Последние бои люфтваффе. 54-я истребительная эскадра на Западном фронте. 1944-1945 - Вилли Хейлман
Шрифт:
Интервал:
Закладка:
Наша группа получила приказ атаковать их.
Пилоты считали это наихудшим из всех возможных заданий. Требовалась большая храбрость, чтобы прорваться к отчаянно защищаемым опорным пунктам, и вылеты, приказ о которых отдало немецкое Верховное командование, были отчаянной мерой; если враг продвинется немного дальше в восточном и южном направлениях в районе Кана, то сражение в Нормандии будет проиграно.
Инспектор истребительной авиации оберст Траутлофт[73] лично обратился к собравшимся пилотам. Атака должна была выполняться тремя последовательными волнами. Он с каждым обменялся рукопожатием. Оберст на мгновение остановился передо мной. Мы познакомились за полтора года до этого в Сиверской. Моя рука нервно вздрагивала, когда я отдавал честь, когда протягивал ее. Черт! От удовольствия снова видеть Траутлофта я забыл новое нацистское приветствие.[74] Это действительно радость от новой встречи с ним заставила меня спутаться, или же причиной этого была невыполнимая, бесчеловечная задача для вылета, который должен был начаться через несколько минут?
Мы покидали штаб с побледневшими, вытянувшимися лицами.
С 3700 метров «Фокке-Вульфы» с правым разворотом спикировали к цели. Черные дымные клубы разрывов зенитной артиллерии напоминали клочки ваты. Со вздохом облегчения мы заметили, что, по крайней мере, пока не было видно никаких вражеских истребителей; но это продлилось очень недолго.
Сорок Ме-109 оставались наверху в качестве прикрытия.
Rabe Anton вступил в дело. Внизу находился Сен-Ло. Прямо позади городских предместий тянулось широкое поле с несколькими планерами, которые только что начали разгружаться. Огромные трапы в их хвостовых частях были подобны открытым створам плотины.
В геенне огненной, изрыгаемой всеми пушками снизу, «Фокке-Вульфы» разыскивали свои цели.
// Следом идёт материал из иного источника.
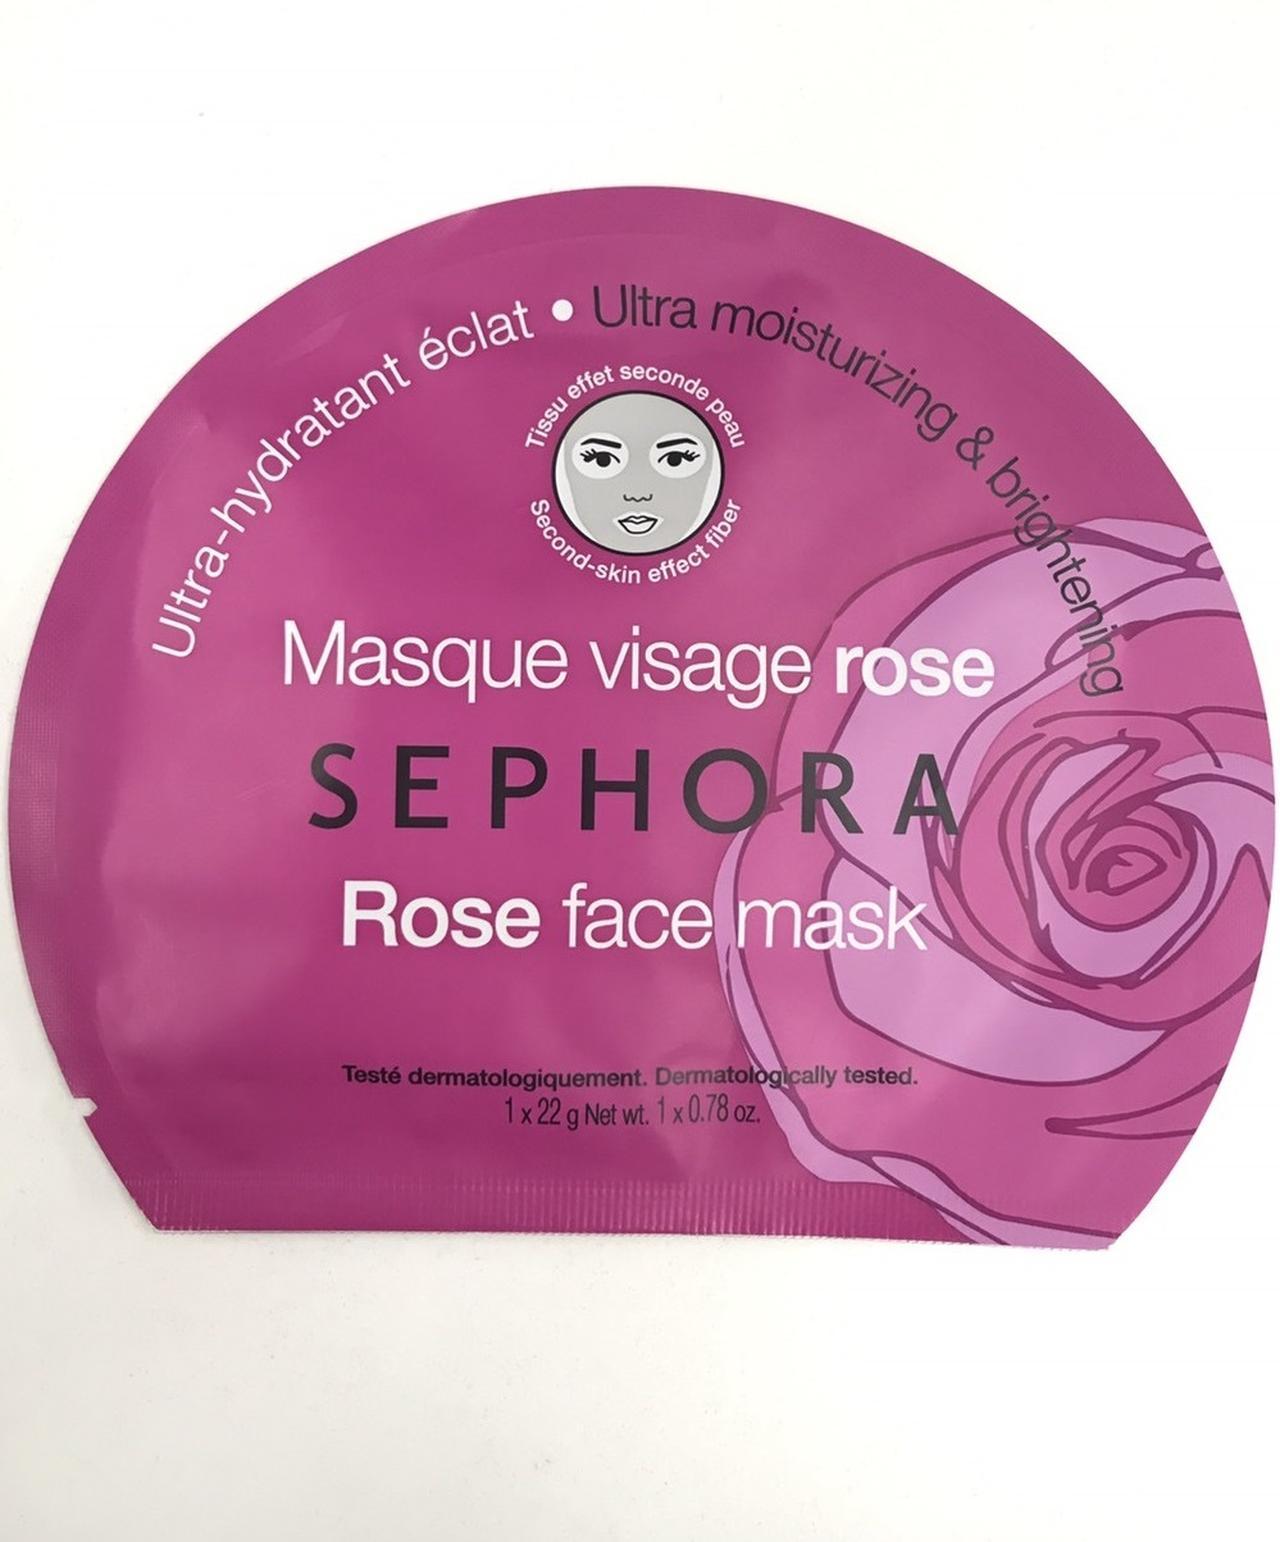 画像: 海外セレブの愛用ブランド!SEPHORAのフェイスパックをプレゼント

Огонь, столбы огня, солдаты, отчаянно ищущие укрытия.
– Вызывает Rabe Anton. Внимание! Большое количество планеров приближается с северо-запада.
Командир группы набирал высоту, покачивая крыльями. Группа перестроилась для новой атаки. Показались Бристоль «Бленхеймы» – три, пять, шесть. Восемнадцать планеров на буксире – это приблизительно тысяча двести человек.
Что чувствовали эти бедняги внутри без парашютов, видя атакующих немцев?
Проклятье! Однако добраться до них было не так легко. Выше планеров, словно сверкающая рыбацкая сеть, растянулось мощное воздушное прикрытие. Небеса были полны «ящиков».
Успокаивающий взгляд на толстые кучевые облака, громоздящиеся в небе, – это прекрасное укрытие.
– Вызывает Rabe Anton. Каждый берет свою цель. Атака снизу, затем уходим на восток. Будем осторожны с аэростатами заграждения.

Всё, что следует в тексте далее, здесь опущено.